A ameaça estrangeira à posse da terra chegou a tal ponto na década de
1520 que o governo português se viu obrigado a enviar para cá expedições
militares, chamadas de guarda-costas. Contudo, a solução foi a defesa permanente da costa, com vilas e
povoados para iniciar a ocupação das terras e que pudessem impedir a atividades
comerciais dos estrangeiros.
Grandes
Navegações e Descobrimentos
1255 – No documento Foral de Gaia, faz-se referência a um navio chamado
caravela, utilizado em atividades de pesca. É a mais antiga menção conhecida ao
navio dos descobrimentos.
1336 – Marinheiros
genoveses, a serviço de Portugal, teriam chegado às ilhas Canárias. Lanzarotto
Malocello seria um deles.
1415 – Sob o comando do rei D. João I, e com a participação de seus filhos
mais velhos, Portugal conquista Ceuta, fato que marca o início da expansão
ultramarina.
1435 – Gil Eanes avança
pelo litoral africano e ultrapassa o cabo Bojador.
1445 – Seis caravelas
desembarcam na “Terra dos Negros” (Senegal).
1445-1448 – Construção da primeira fortificação portuguesa na África (Ilha de
Aguim).
1487-1488 – Sob o comando de Bartolomeu Dias, expedição portuguesa atinge os
limites austrais da África, ultrapassando o cabo das Tormentas.
1492-1493 – Viagem de Cristovão Colombo à América.
1494 – Tratado de Tordesilhas.
1497-1498 – Viagem de Vasco da Gama, com a qual se inaugura a carreira da Índia.

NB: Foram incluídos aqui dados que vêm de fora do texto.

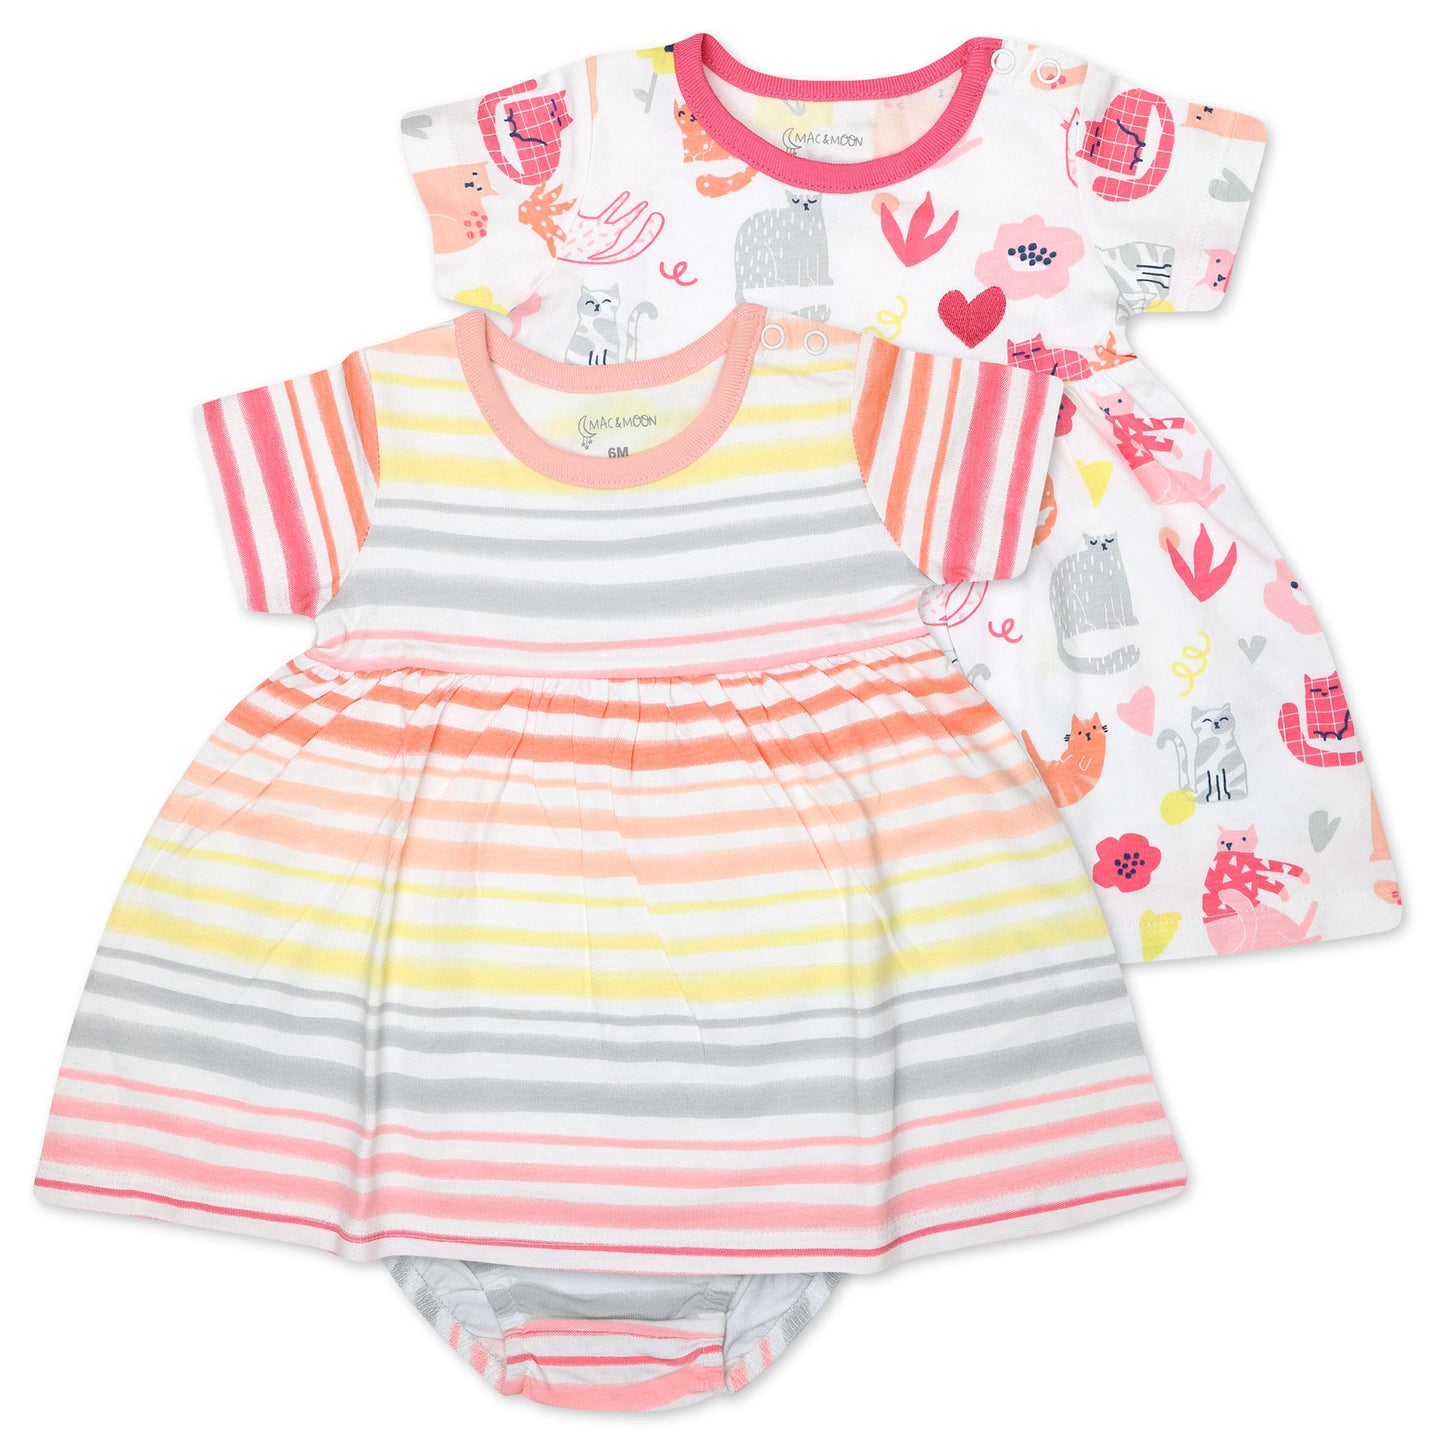 Organic Cotton 2-Pack Dress Sets in Caturday Print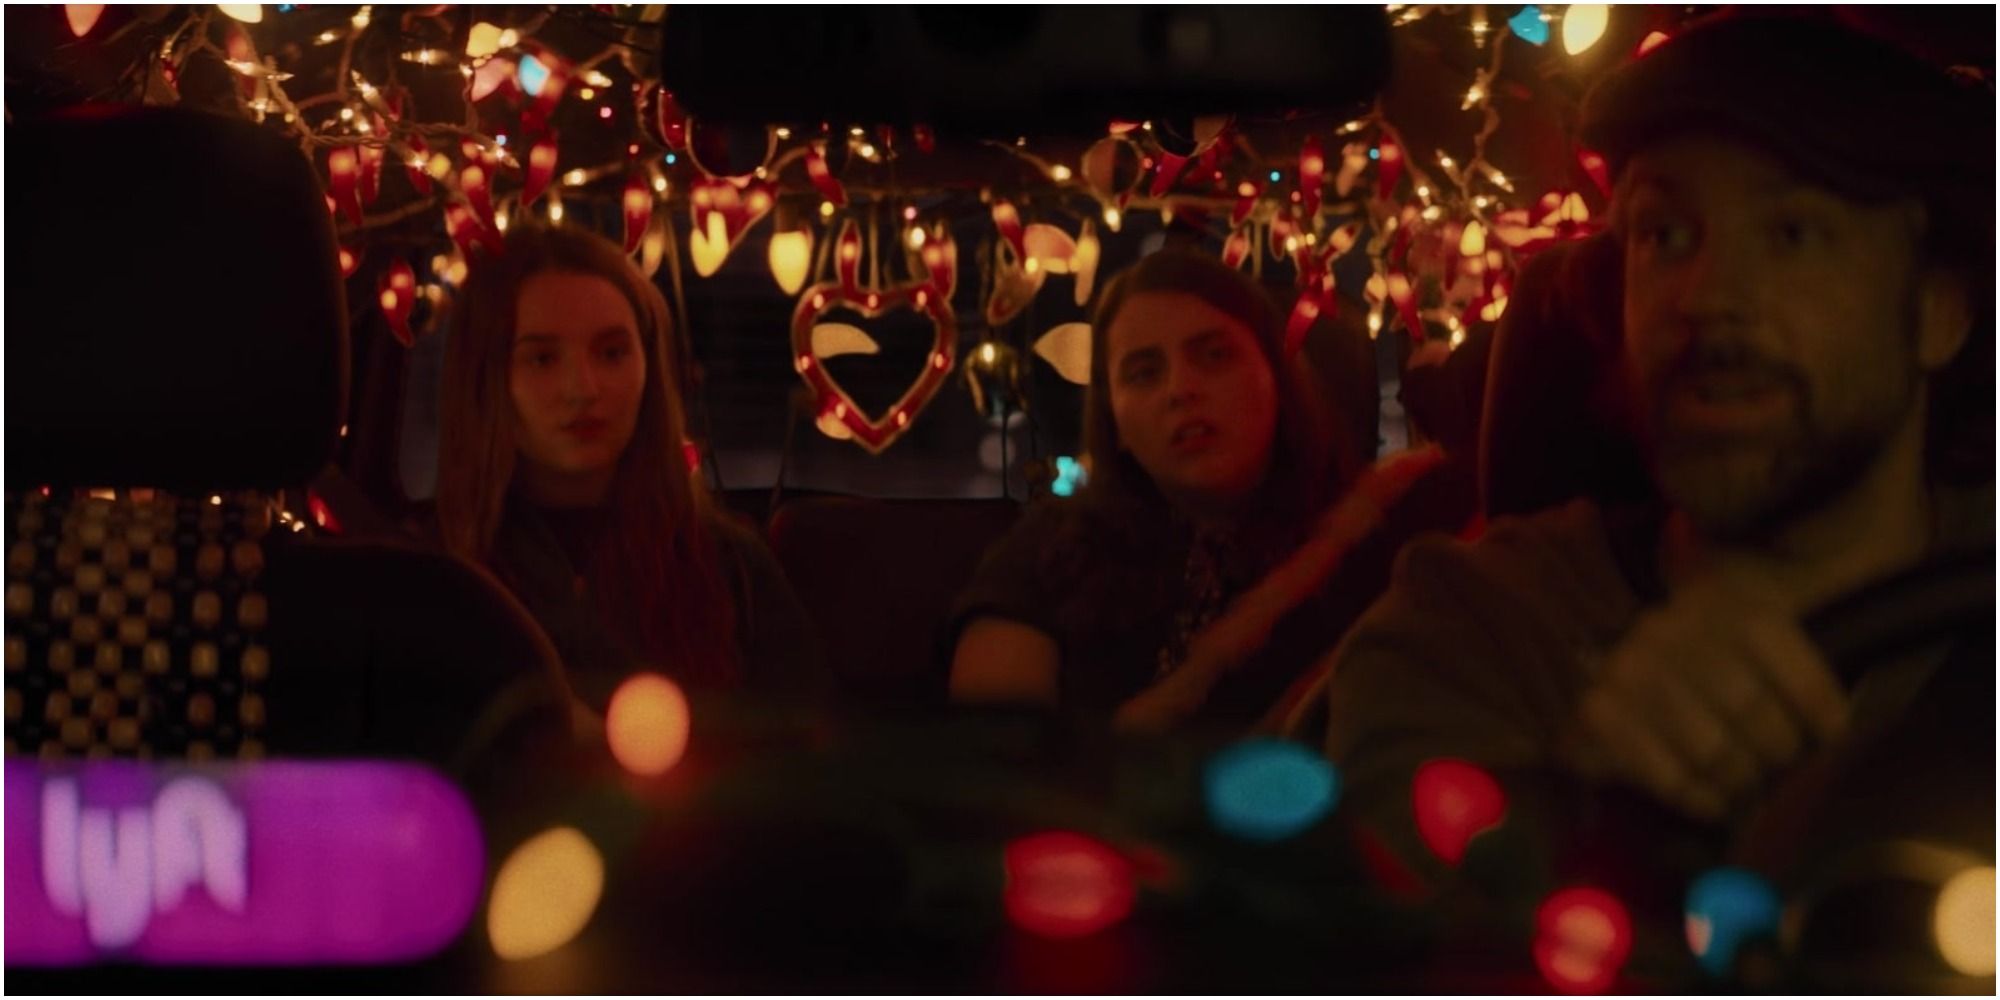 Booksmart 5 Scenes That Made Us Laugh Out Loud (& 5 That Hit Us In The Feels)

1499-1500 – Preparativos para a segunda expedição às Índias, sob o comando de
Pedro Álvares de Gouveia, que depois da viagem adota o patronímico Cabral.
1507 – O nome América é
registrado, pela primeira vez, no mapa de Martin Waldssemüller, para designar –
em homenagem a Américo Vespúcio – o continente descoberto por Colombo.
1516-1519 – Expedições guarda-costas portuguesas, para combater espanhóis e
franceses.
1519-1521 – Viagem de circunavegação, sob o comando do português Fernão de
Magalhães, então a serviço de Castela.
1530-1533 – Expedição de Martim Afonso de Souza, com o objetivo de dar combate aos
franceses e iniciar a colonização sistemática do Brasil, tomando posse
definitiva do território, desde o Amazonas até o rio da Prata.